Skip every image and restate the data word for word.
[RECORDED INFORMATION Boundary: Start]
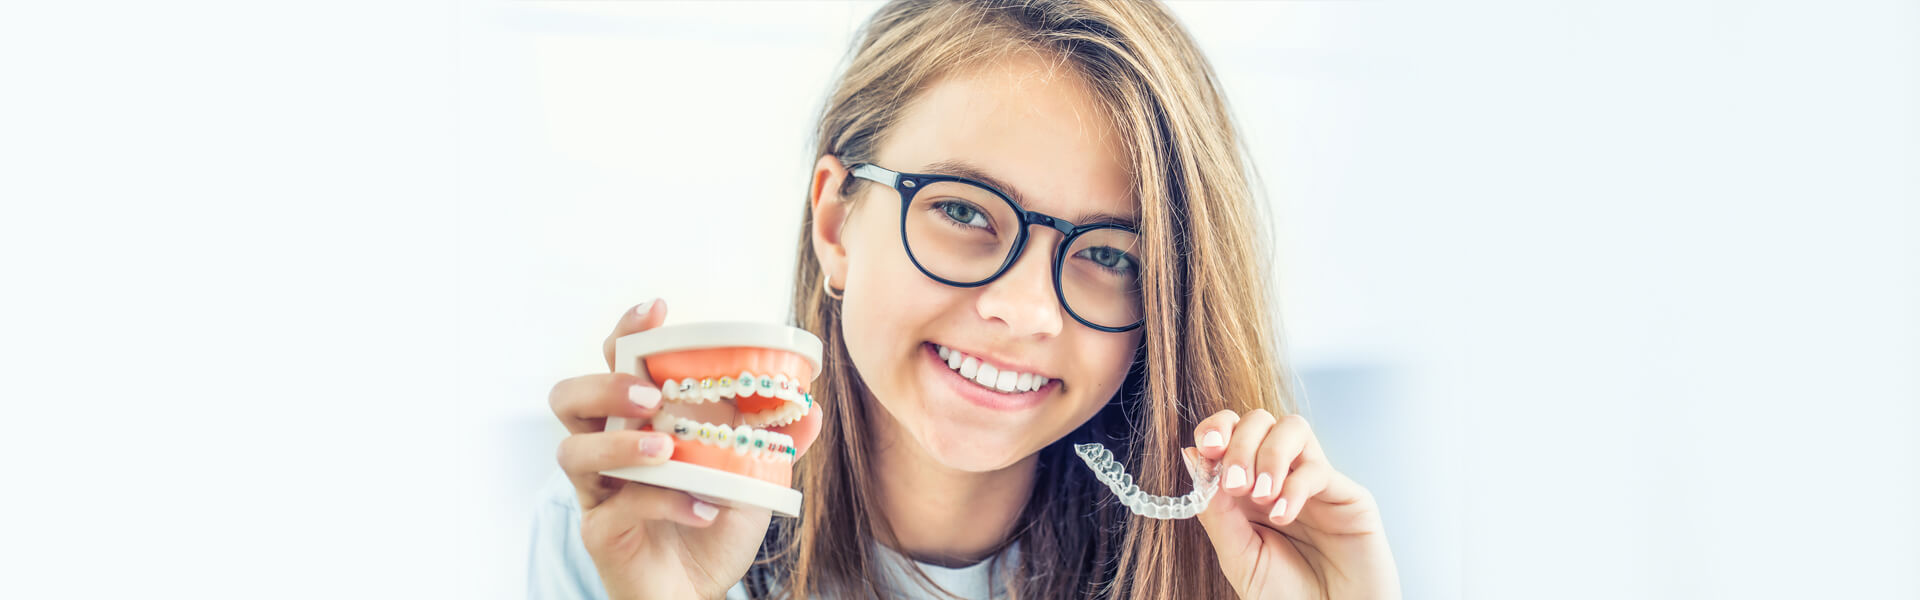 Important Things You Need to Know About Invisalign® Before Your Dental Visit
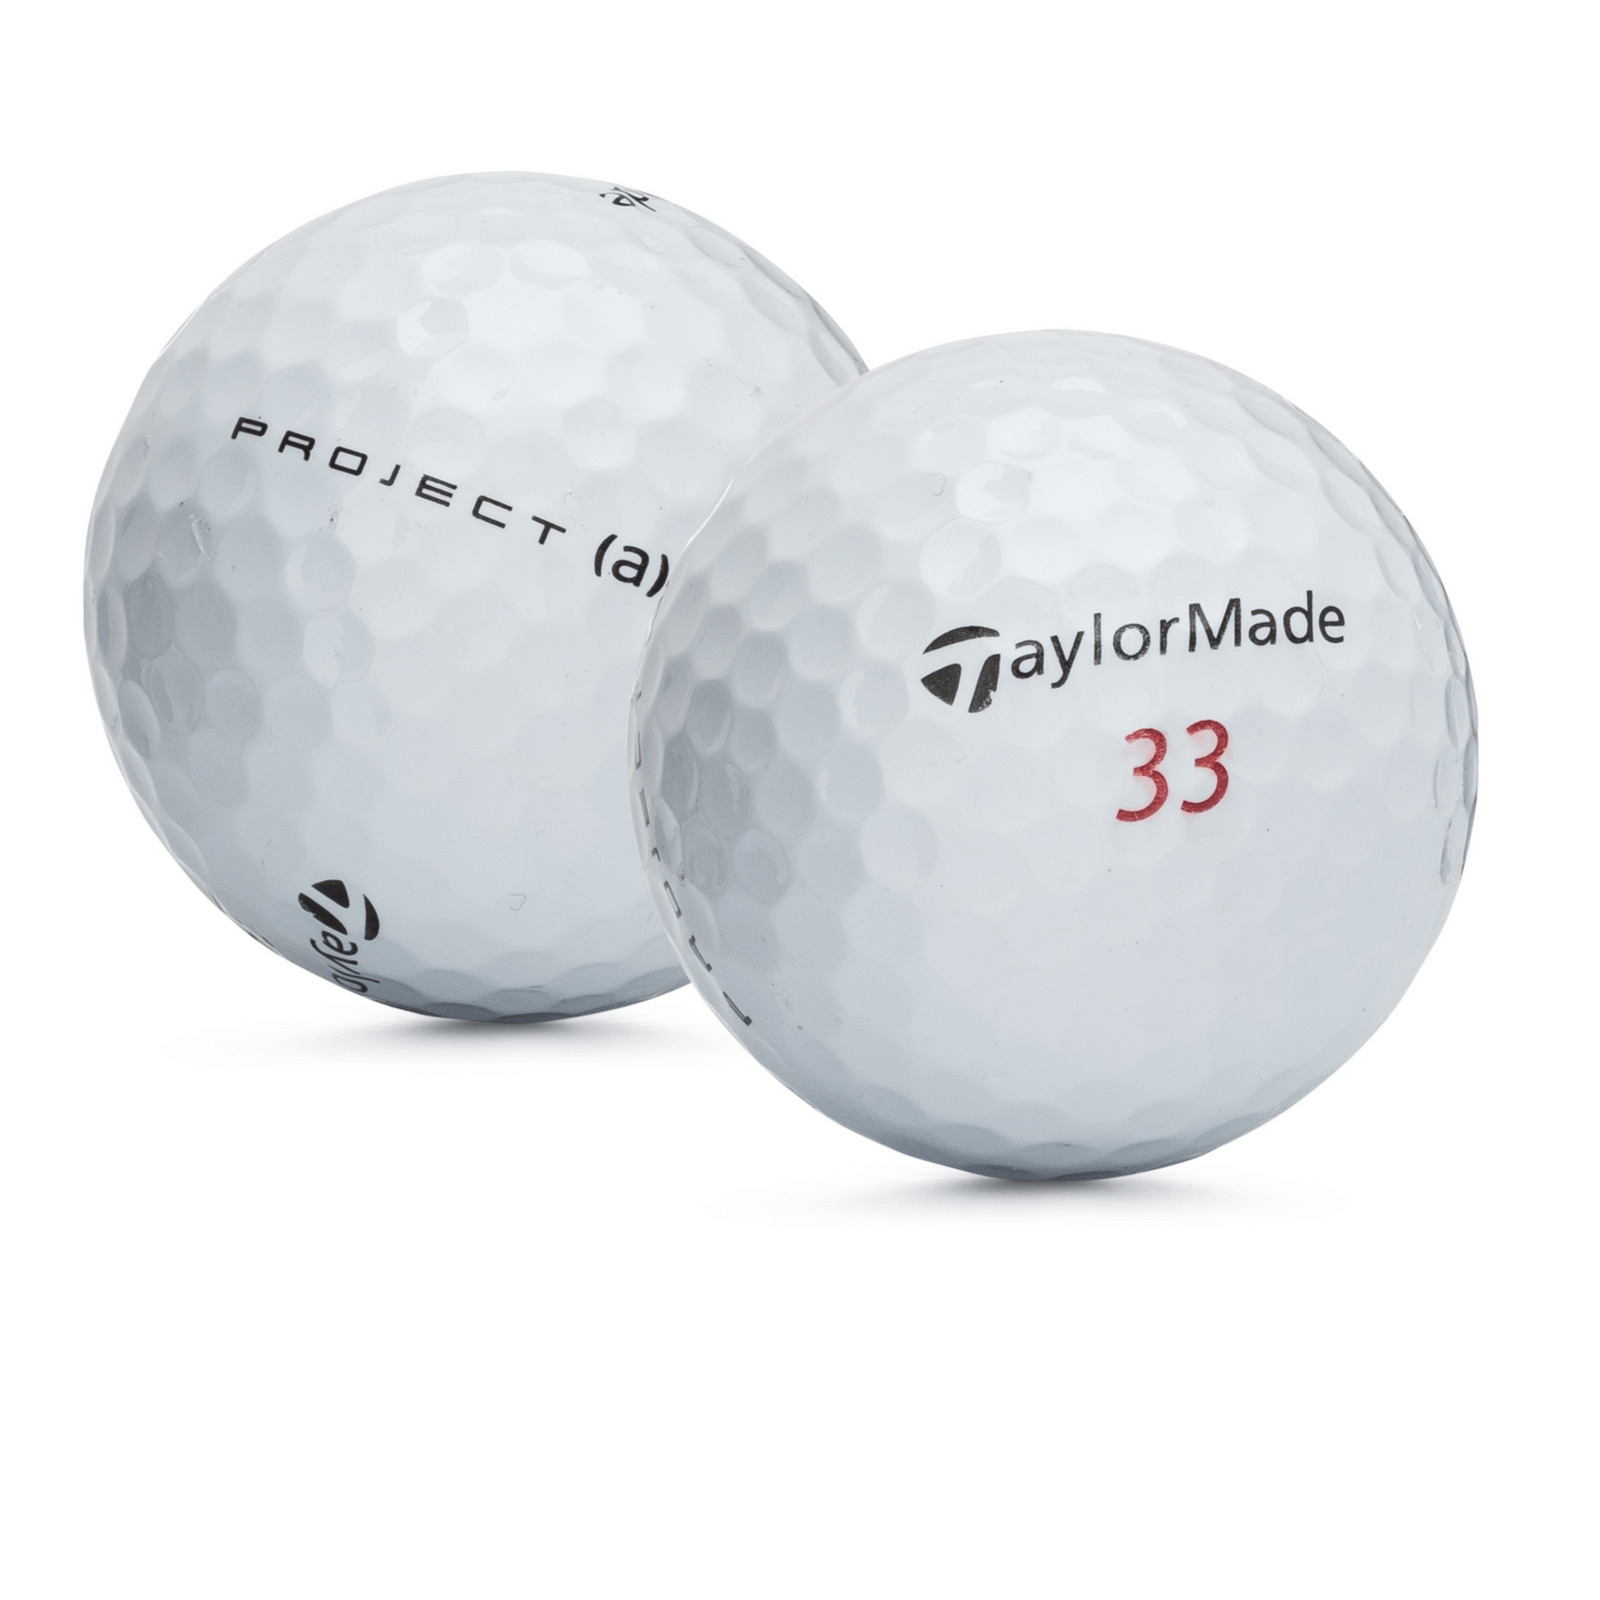 Taylormade Project (a) Near Mint Recycled Used Golf Balls, White - 48 Count
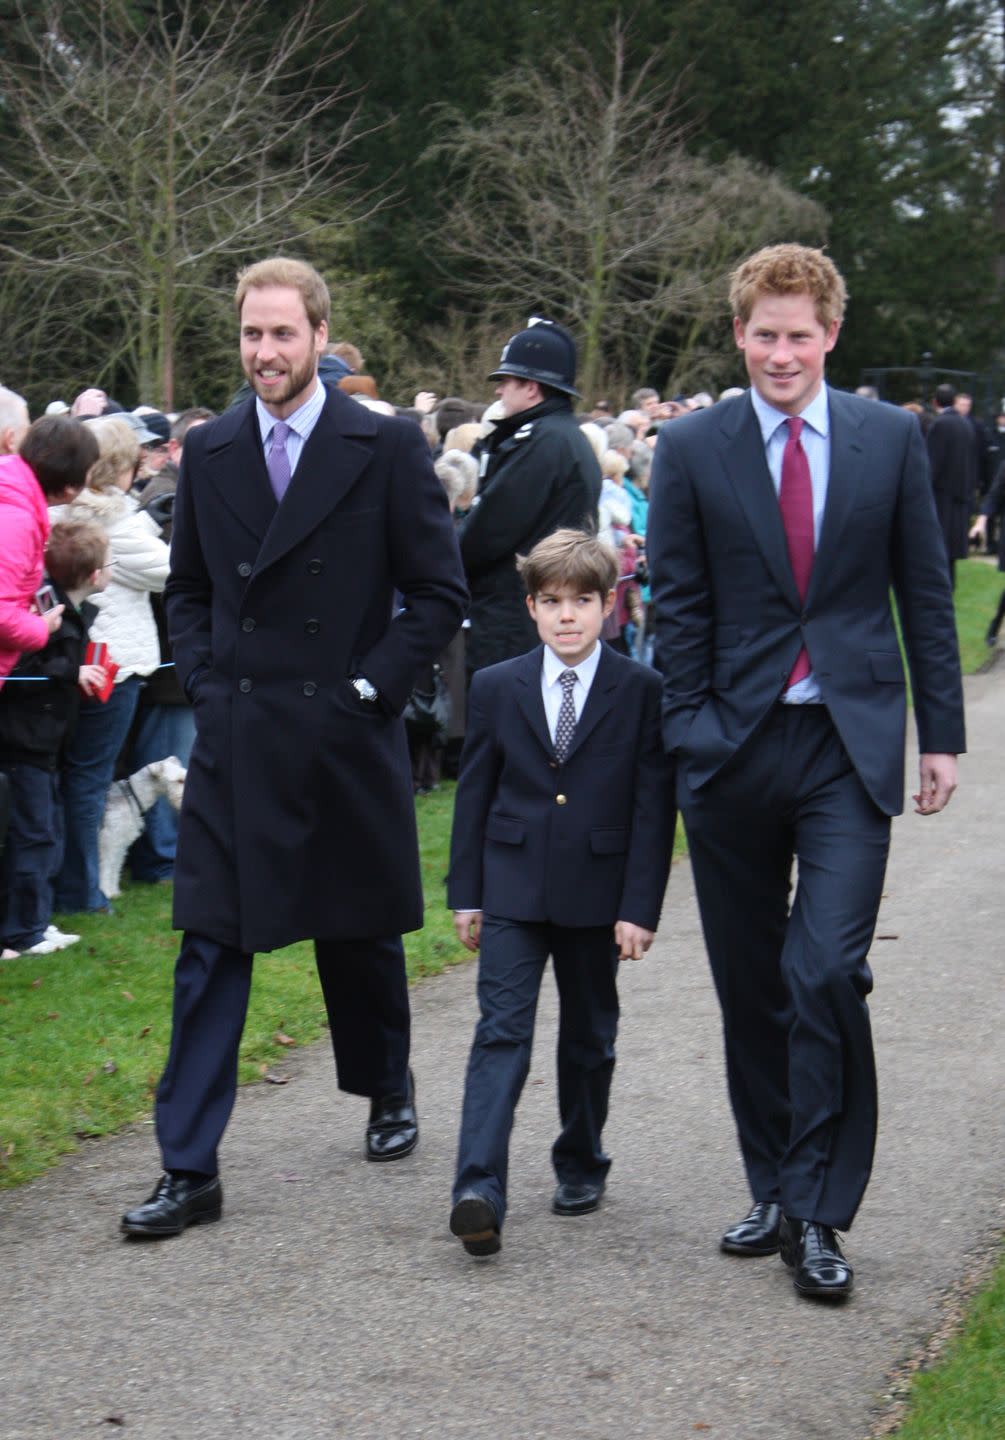 members of the royal family inclusing prince william, arthur chatto and prince harry, attend the morning service on christmas day at sandringham church photo by justin goff\uk press via getty images
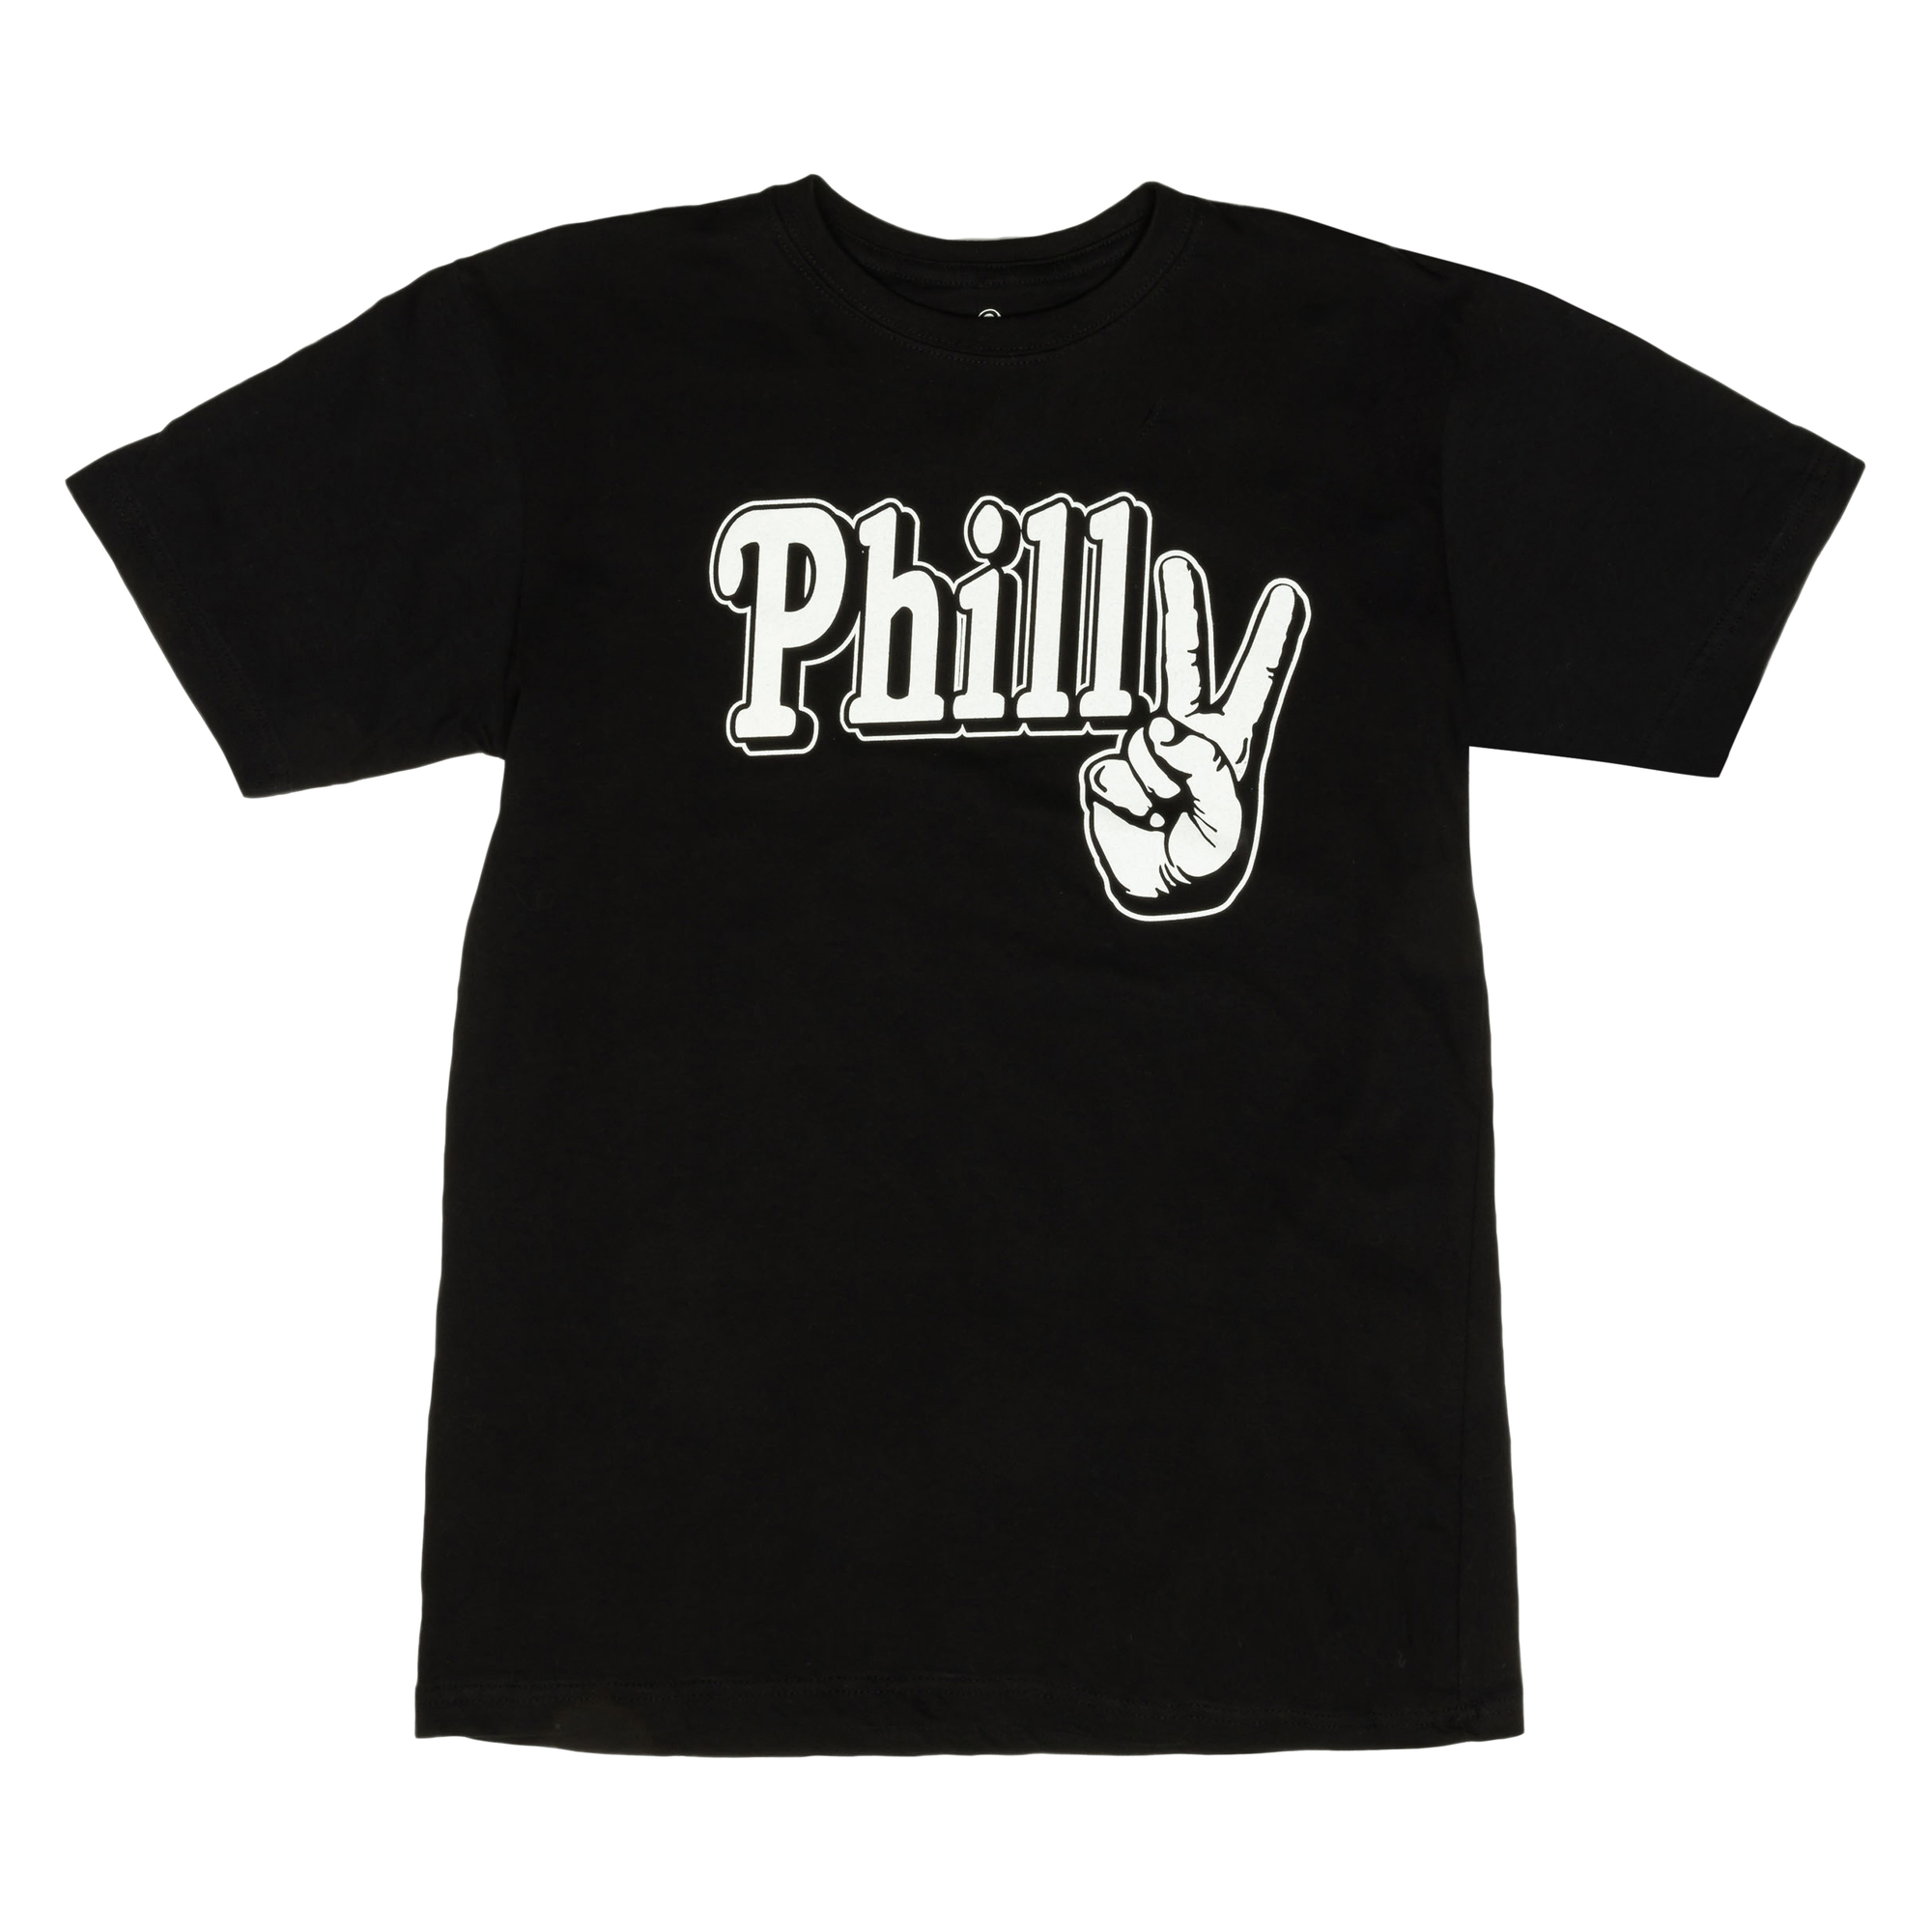 philly peace sign graphic tee
[RECORDED INFORMATION Boundary: End]
ANSWER TO THE EXERCISE:
 Important Things You Need to Know About Invisalign® Before Your Dental Visit
 Taylormade Project (a) Near Mint Recycled Used Golf Balls, White - 48 Count
 members of the royal family inclusing prince william, arthur chatto and prince harry, attend the morning service on christmas day at sandringham church photo by justin goff\uk press via getty images
 philly peace sign graphic tee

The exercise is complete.